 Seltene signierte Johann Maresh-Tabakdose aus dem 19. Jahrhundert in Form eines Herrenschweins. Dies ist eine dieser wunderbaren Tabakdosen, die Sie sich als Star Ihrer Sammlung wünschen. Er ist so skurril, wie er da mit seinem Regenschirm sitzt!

···

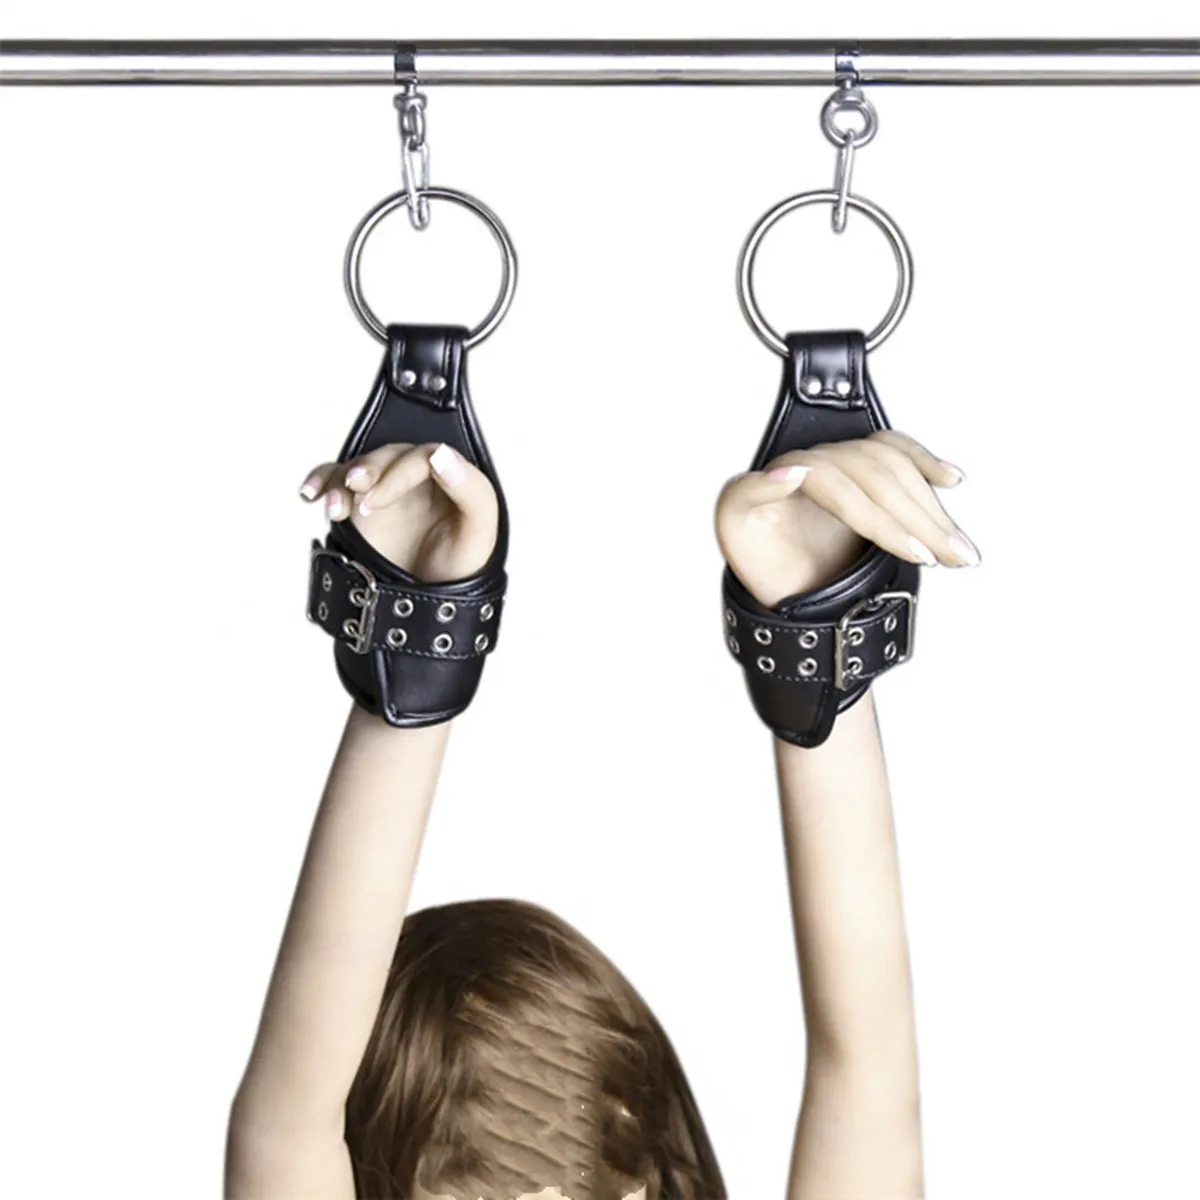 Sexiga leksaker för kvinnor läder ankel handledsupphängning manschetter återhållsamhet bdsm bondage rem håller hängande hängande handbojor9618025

···

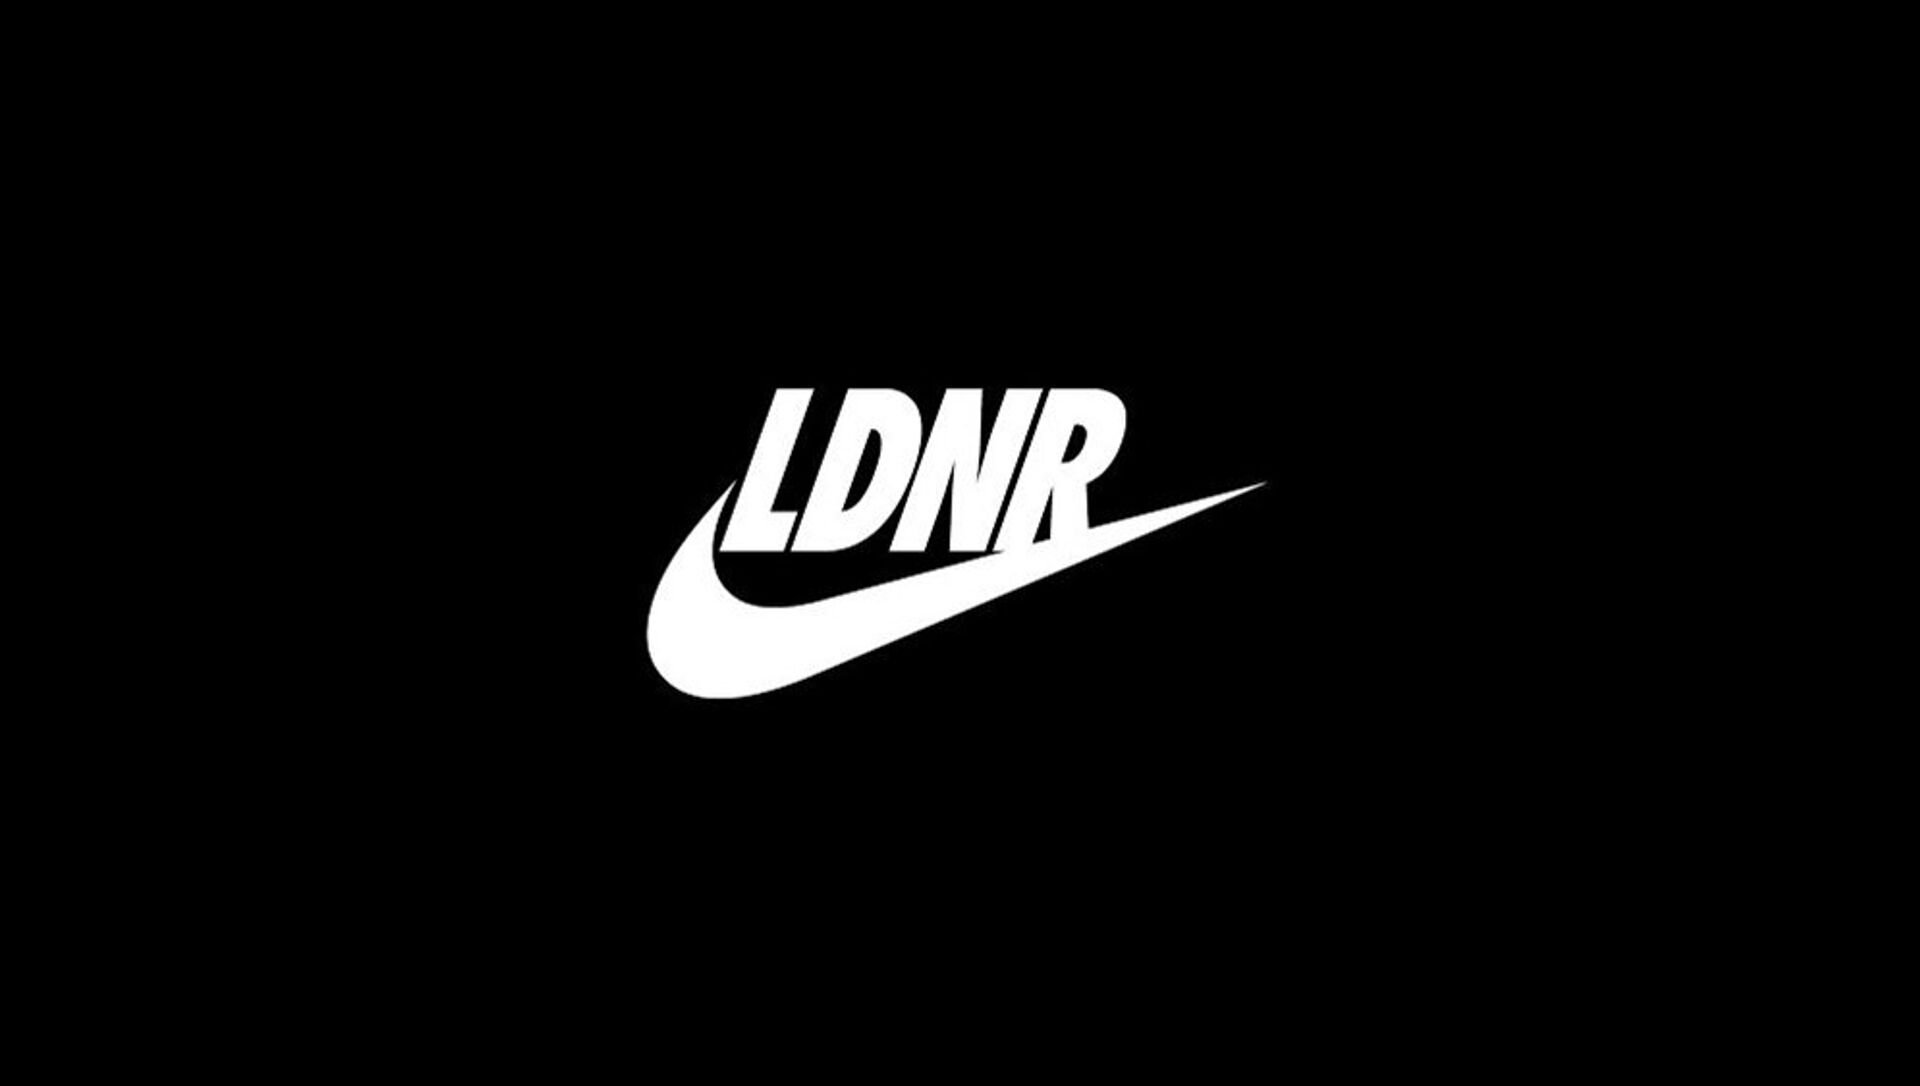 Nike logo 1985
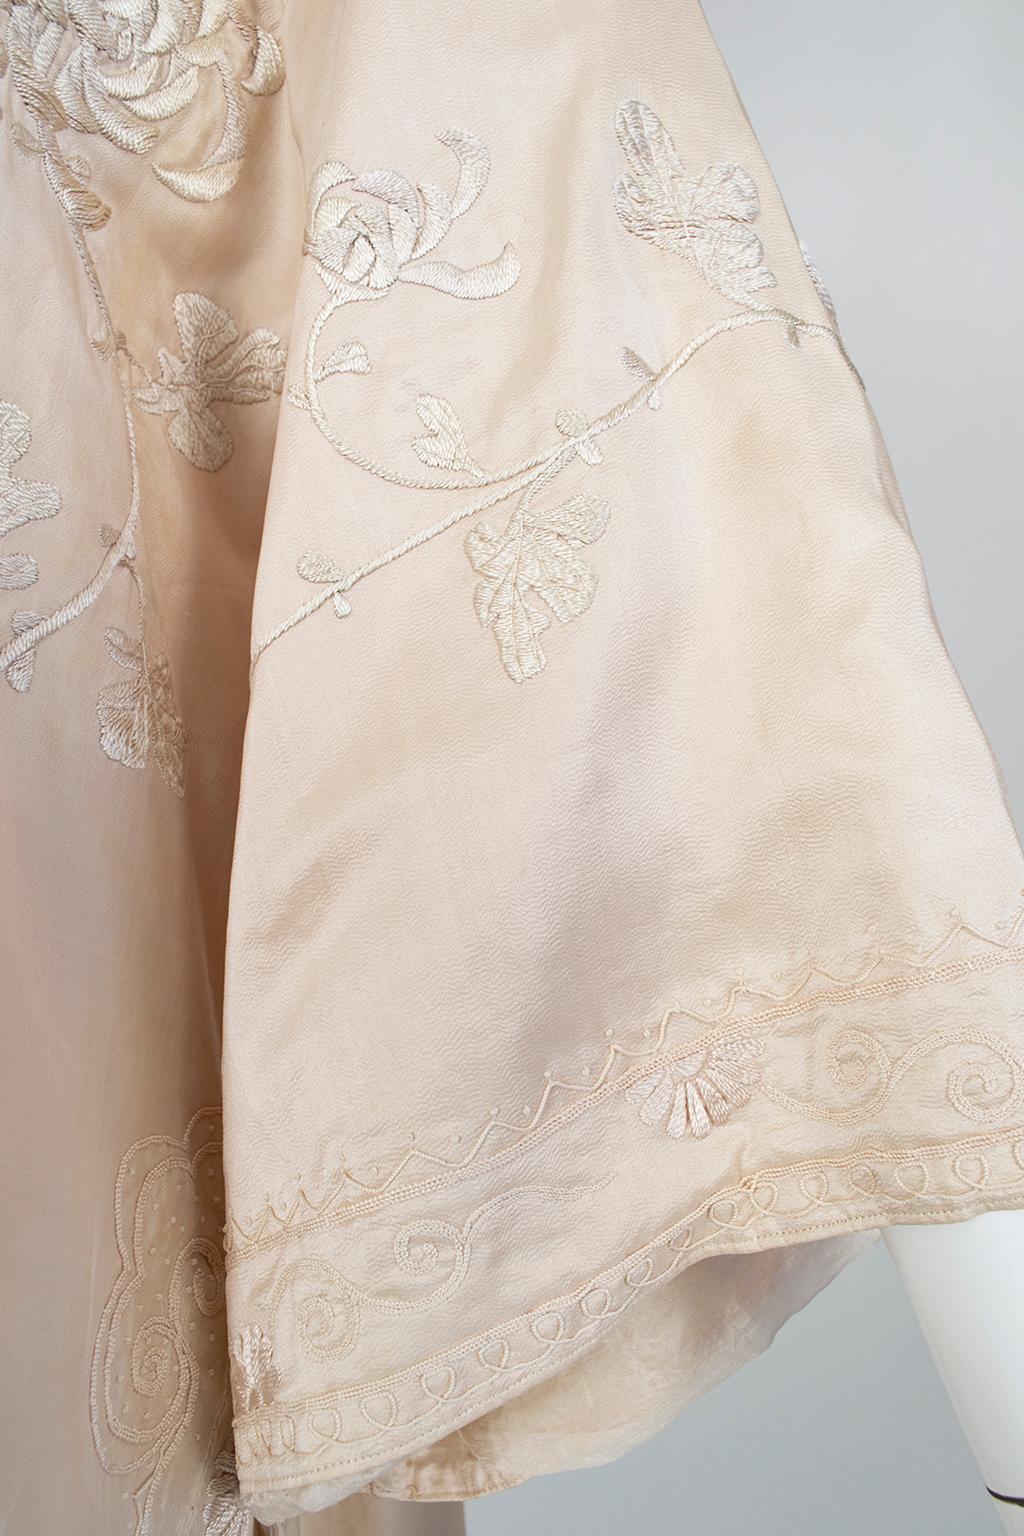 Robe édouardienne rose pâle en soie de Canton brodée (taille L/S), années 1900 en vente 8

···

## Activity
If a picture sits between the line containing "Nike logo 1985" and the line containing "Robe édouardienne rose", leave it out, and return the lines of that range above exactly, both ends included.

## Your solution
 Nike logo 1985
 Robe édouardienne rose pâle en soie de Canton brodée (taille L/S), années 1900 en vente 8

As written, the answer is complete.